Source: http://www.cnblogs.com/edisonchou/

The copyright of this article is owned by the author and the blog Park, welcome reprint, but without the consent of the author must retain this paragraph, and in the article page obvious location to give the original link.

Hadoop Learning Note -19.flume Framework Learning

Contact Us

The content source of this page is from Internet, which doesn't represent Alibaba Cloud's opinion; products and services mentioned on that page don't have any relationship with Alibaba Cloud. If the content of the page makes you feel confusing, please write us an email, we will handle the problem within 5 days after receiving your email.

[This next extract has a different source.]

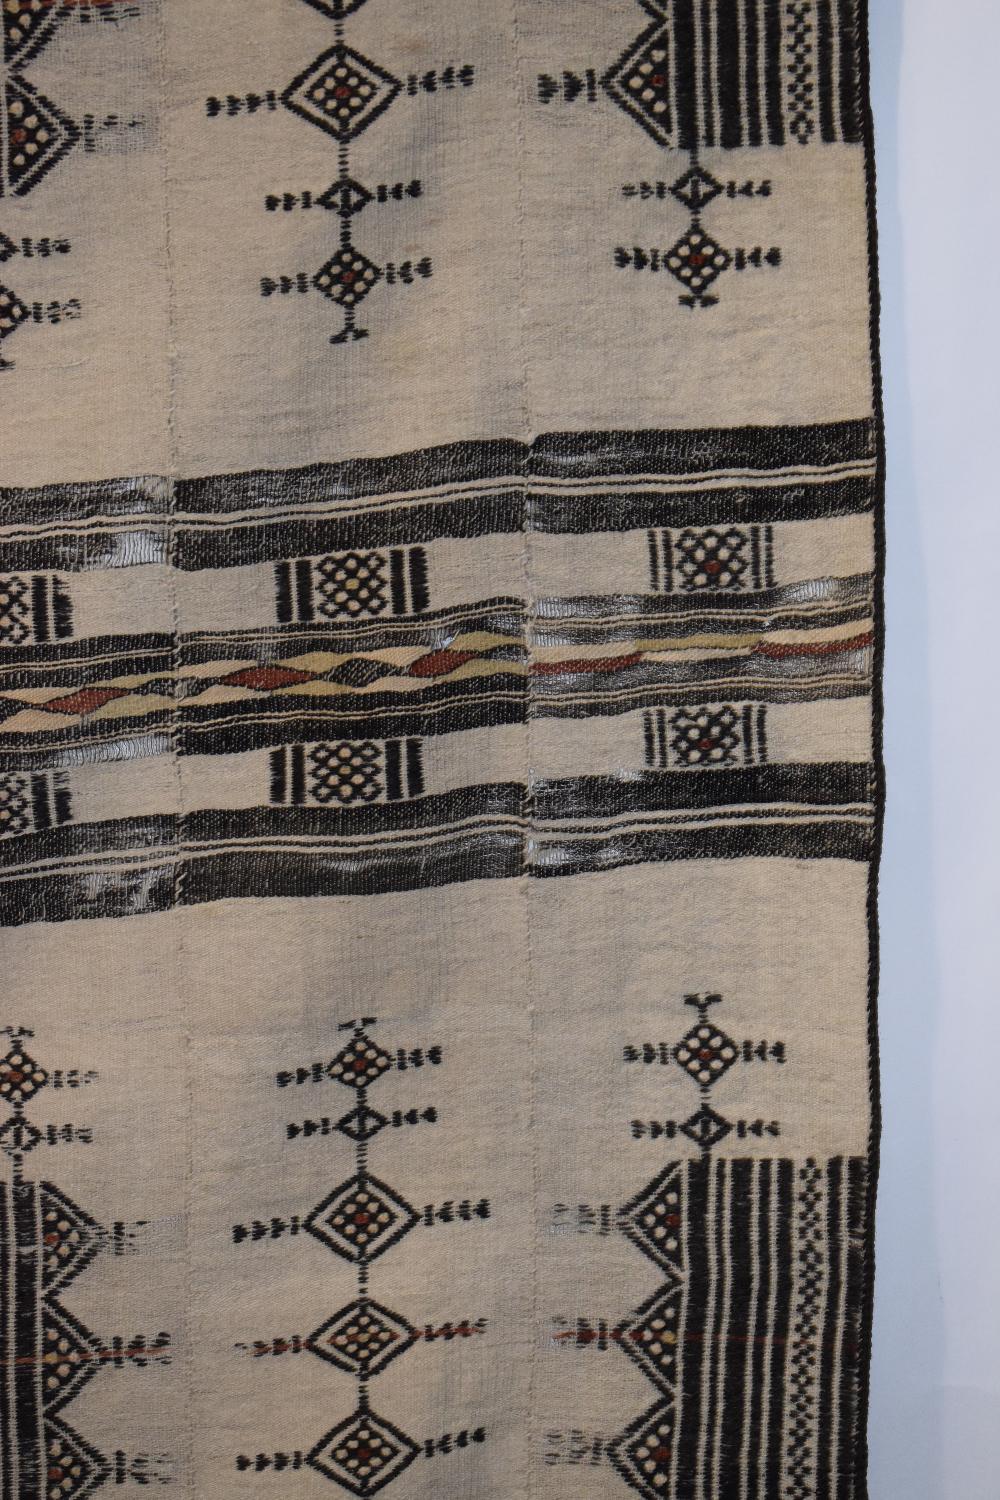 Fulani blanket, Mali, west Africa, second half 20th century, 97in. X 50in. 247cm. X 127cm. Some - Image 3 of 13

If you find any instances of plagiarism from the community, please send an email to: info-contact@alibabacloud.com and provide relevant evidence. A staff member will contact you within 5 working days.

A Free Trial That Lets You Build Big!

Start building with 50+ products and up to 12 months usage for Elastic Compute Service

  • Sales Support

    1 on 1 presale consultation

  • After-Sales Support

    24/7 Technical Support 6 Free Tickets per Quarter Faster Response

  • Alibaba Cloud offers highly flexible support services tailored to meet your exact needs.